La sagesse et la folie invitent toutes deux, mais seule la crainte du Seigneur conduit a la vie.

Proverbes 9

1 La sagesse a bâti sa maison, elle a taillé ses sept colonnes.

2 Elle a immolé ses victimes, mêlé son vin, et dressé sa table.

3 Elle a envoyé ses servantes, elle appelle, au sommet des hauteurs de la ville :

4 « Que celui qui est simple entre ici ! » Elle dit à celui qui est dépourvu de sens :

5 « Venez, mangez de mon pain, et buvez du vin que j’ai mêlé ;

6 quittez l’ignorance, et vous vivrez, et marchez dans la voie de l’intelligence. »

7 Celui qui reprend le moqueur s’attire la raillerie, et celui qui réprimande le méchant s’attire l’outrage.

8 Ne reprends pas le moqueur, de peur qu’il ne te haïsse ; reprends le sage, et il t’aimera.

9 Donne au sage, et il deviendra plus sage ; instruis le juste, et il augmentera son savoir.

10 Le commencement de la sagesse, c’est la crainte de Yahweh ; et l’intelligence, c’est la science du Saint.

11 Car par moi tes jours se multiplieront, par moi s’augmenteront les années de ta vie.

12 Si tu es sage, tu es sage à ton profit ; si tu es moqueur, tu en porteras seul la peine.

13 La folie est une femme bruyante, stupide et ne sachant rien.

14 Elle s’est assise, à la porte de sa maison, sur un siège, dans les hauteurs de la ville,

15 pour inviter les passants qui vont droit leur chemin :

16 « Que celui qui est simple entre ici ! » Elle dit à celui qui est dépourvu de sens :

17 « Les eaux dérobées sont plus douces, et le pain du mystère est plus agréable ! »

18 Et il ne sait pas qu’il y a là des ombres, et que ses invités sont déjà dans les profondeurs du schéol.

Enseignement catéchétique

Sens du passage. Proverbes 9 met en lumière les deux invitations. Il demande une lecture attentive, capable de tenir ensemble le récit biblique, l’appel spirituel et la conversion concrète. Le chapitre ne doit donc pas être lu comme une simple scène ancienne : il révèle quelque chose de la manière dont Dieu conduit, corrige, console ou forme son peuple.

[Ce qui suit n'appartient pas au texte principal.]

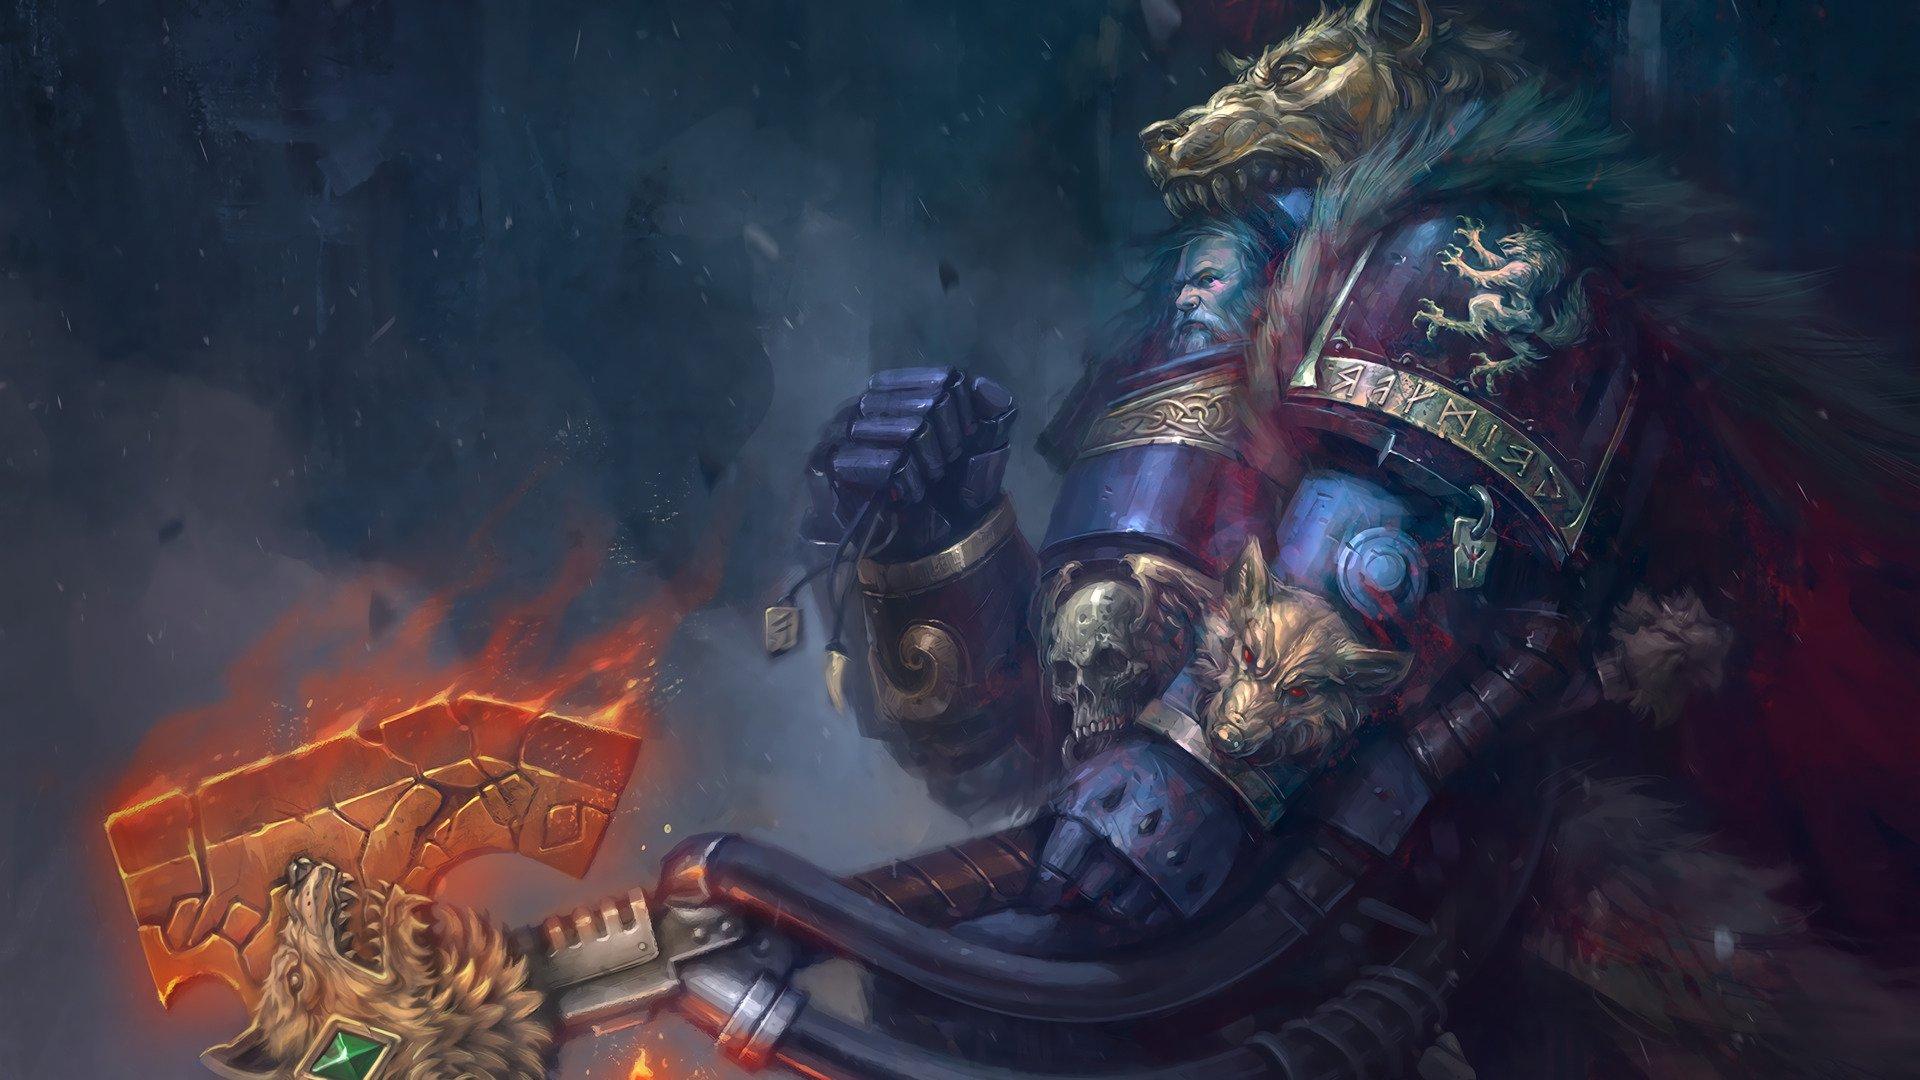 Logan Grimnar Warhammer 40 000 Space Marines Hd Wallpapers

Lecture catholique. Dans la foi de l’Église, ce passage s’inscrit dans la sagesse quotidienne, la parole juste et la crainte du Seigneur. Il garde son enracinement dans l’histoire d’Israël, tout en préparant le lecteur à accueillir la plénitude de la Révélation. Lorsqu un lien avec le Christ apparaît, il doit être reçu avec sobriété, sans forcer chaque détail ni effacer le sens premier du texte.

Discernement spirituel. Ce chapitre interroge la liberté du lecteur : que faut-il recevoir, quitter, purifier ou remettre à Dieu ? Il aide à reconnaître les illusions du cœur, les fausses sécurités et les appels discrets à la confiance. La Parole ne se contente pas d’informer ; elle ouvre un chemin de conversion, de prière et de responsabilité.

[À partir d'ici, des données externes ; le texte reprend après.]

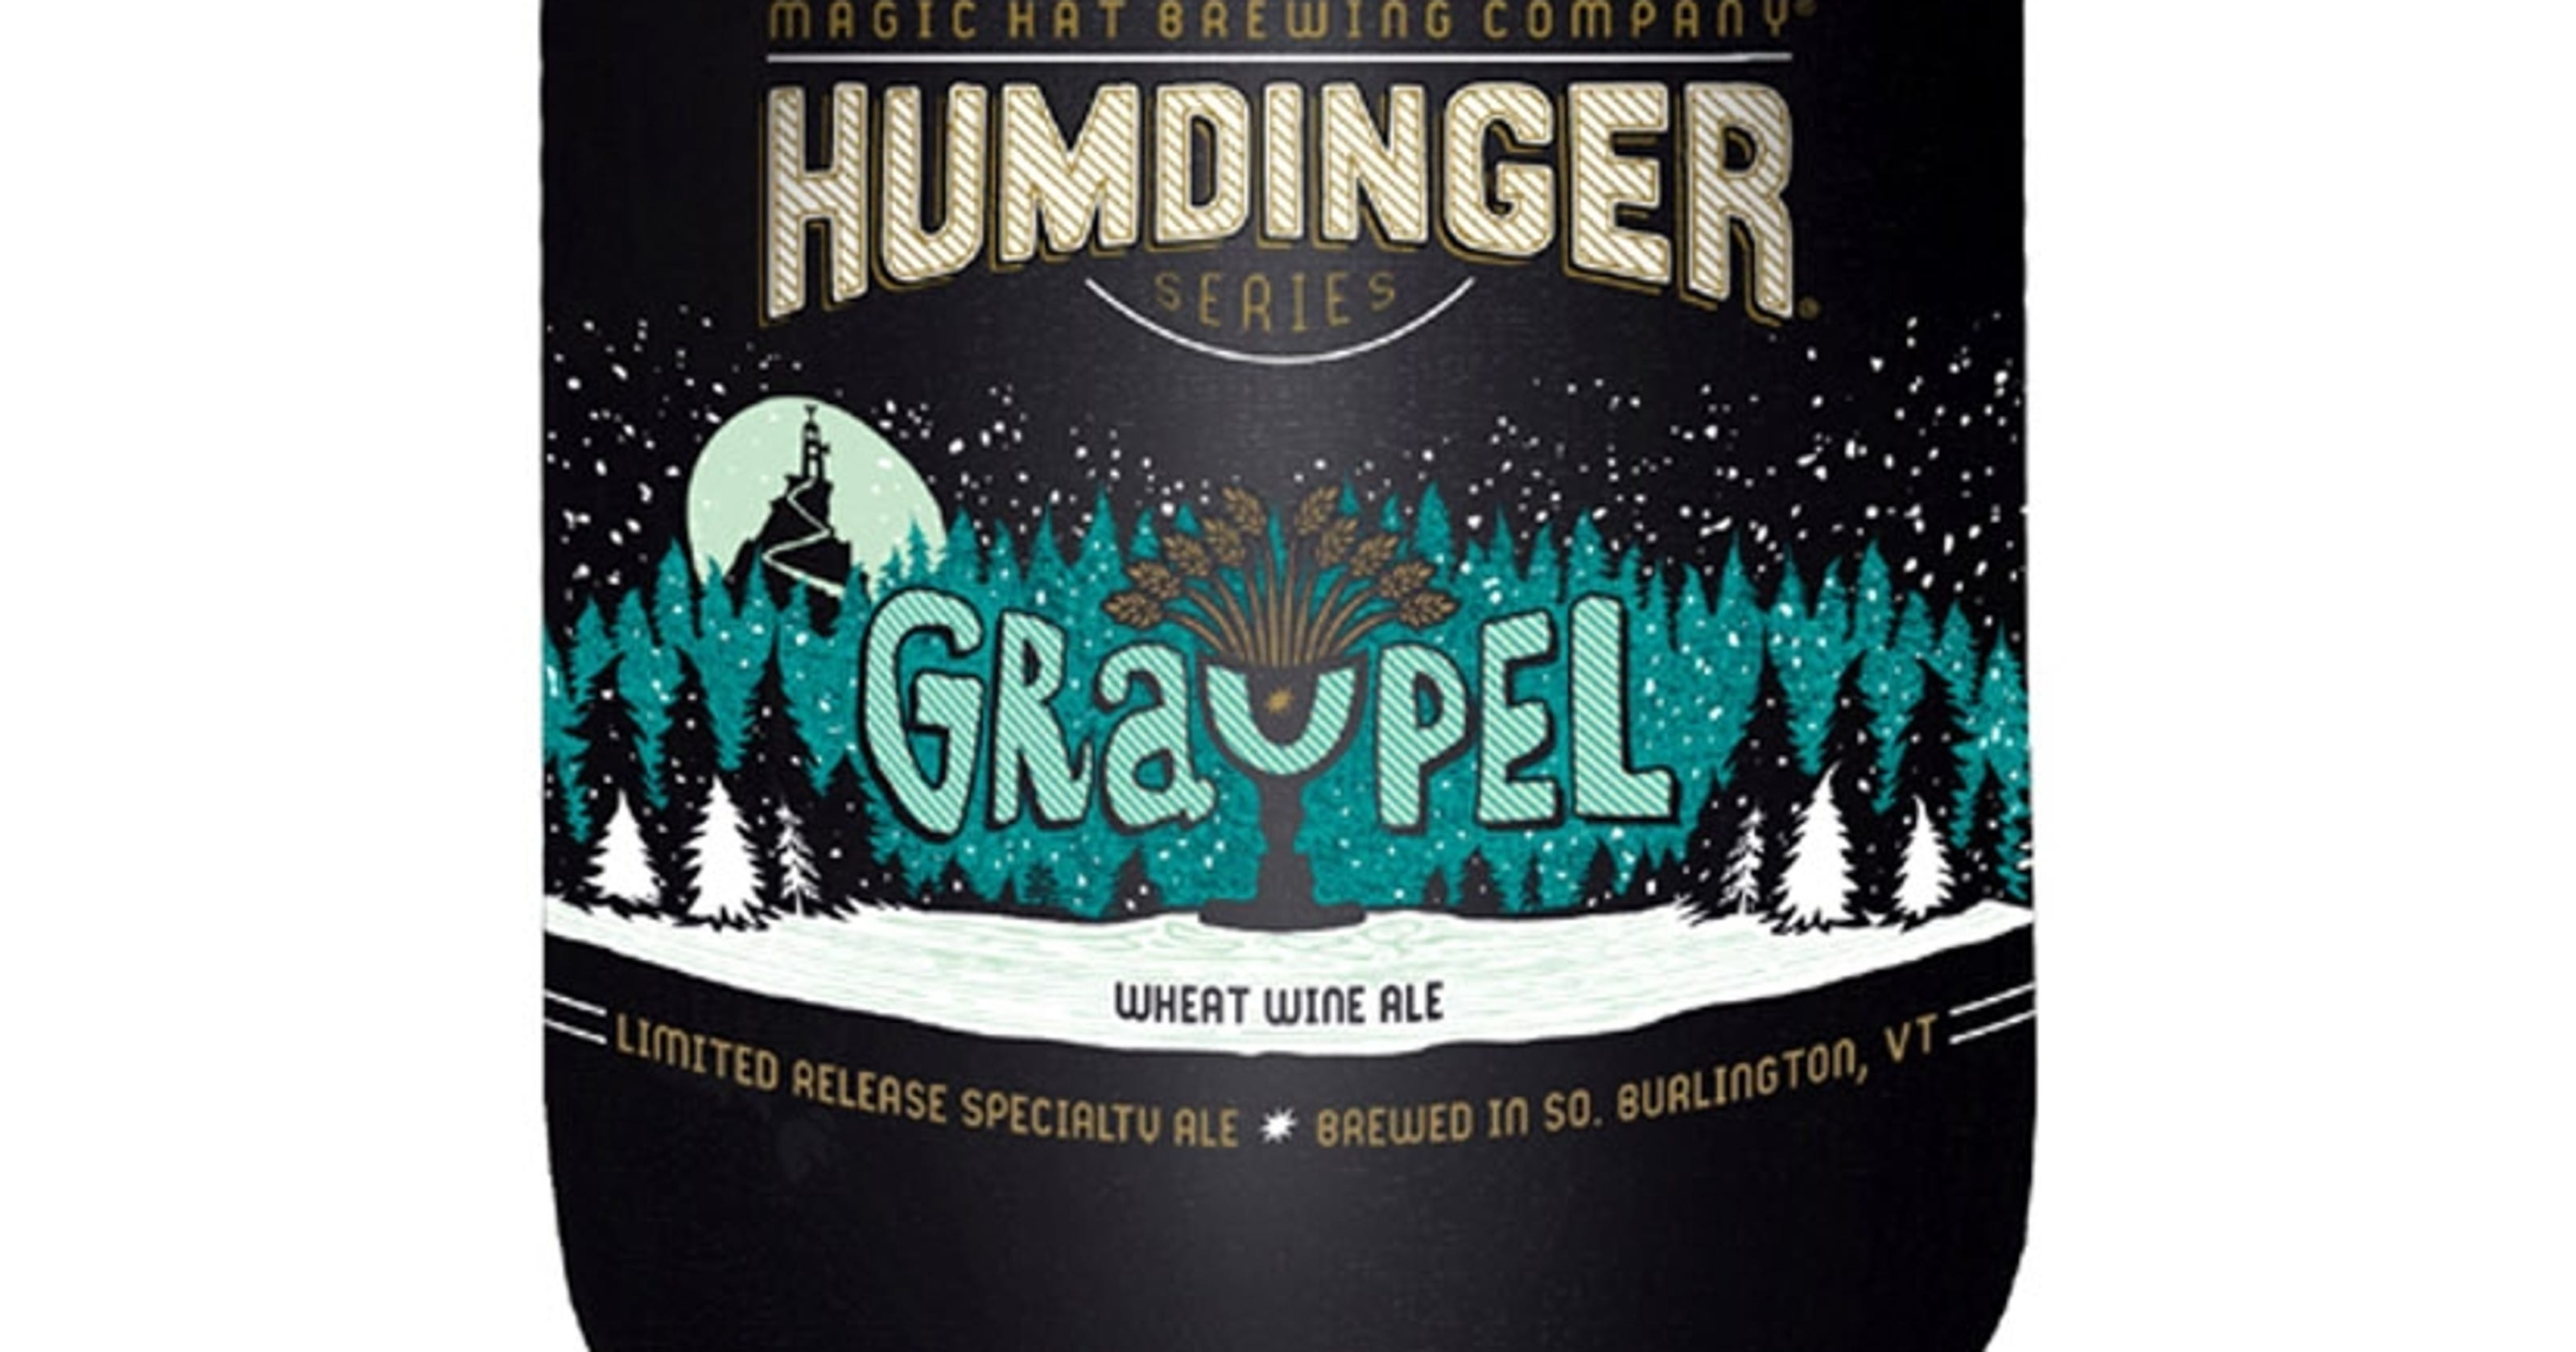 00ead9ffea6 Beer Man  Graupel Wheat welcome in winter

Pour aujourd’hui. On peut lire ce chapitre en demandant la grâce d’une foi plus droite : écouter avant de juger, prier avant d’agir, servir au lieu de posséder, et laisser Dieu remettre de l’ordre dans ce qui s’est dispersé. Cette lecture devient pastorale lorsqu’elle rejoint la vie réelle : famille, décisions, souffrances, responsabilités, espérance et fidélité quotidienne.

FAQ

Que faut-il retenir de Proverbes 9 ?

Ce passage met en avant les deux invitations. Il aide à comprendre comment Dieu parle à son peuple à travers une situation concrète, avec un appel à la confiance, à la conversion ou à une fidélité plus vraie.

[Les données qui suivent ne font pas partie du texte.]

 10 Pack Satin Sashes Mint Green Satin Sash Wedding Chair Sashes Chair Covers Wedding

Comment lire ce chapitre dans la foi catholique ?

Il faut le lire avec toute l’Écriture et la Tradition de l’Église : respecter son contexte, éviter les interprétations rapides, puis recevoir ce qu’il révèle sur Dieu, sur le cœur humain et sur l’histoire du salut.

Ce chapitre annonce-t-il le Christ ?

Le lien avec le Christ se fait selon la logique de l’accomplissement. Certains détails peuvent préparer l’Évangile, mais la lecture catholique reste prudente : elle ne force pas la typologie et garde le sens propre du texte.

Quel appel spirituel ce passage adresse-t-il aujourd’hui ?

Il invite à examiner ce qui, dans la vie concrète, demande davantage d’humilité, de justice, de confiance ou de prière. La Parole devient féconde lorsqu’elle éclaire une décision, une relation ou une responsabilité réelle.

Comment prier avec Proverbes 9 ?

On peut commencer par relire lentement le passage, repérer une phrase qui touche le cœur, puis demander au Seigneur la grâce correspondante : vérité, patience, courage, pardon, espérance ou fidélité dans l’épreuve.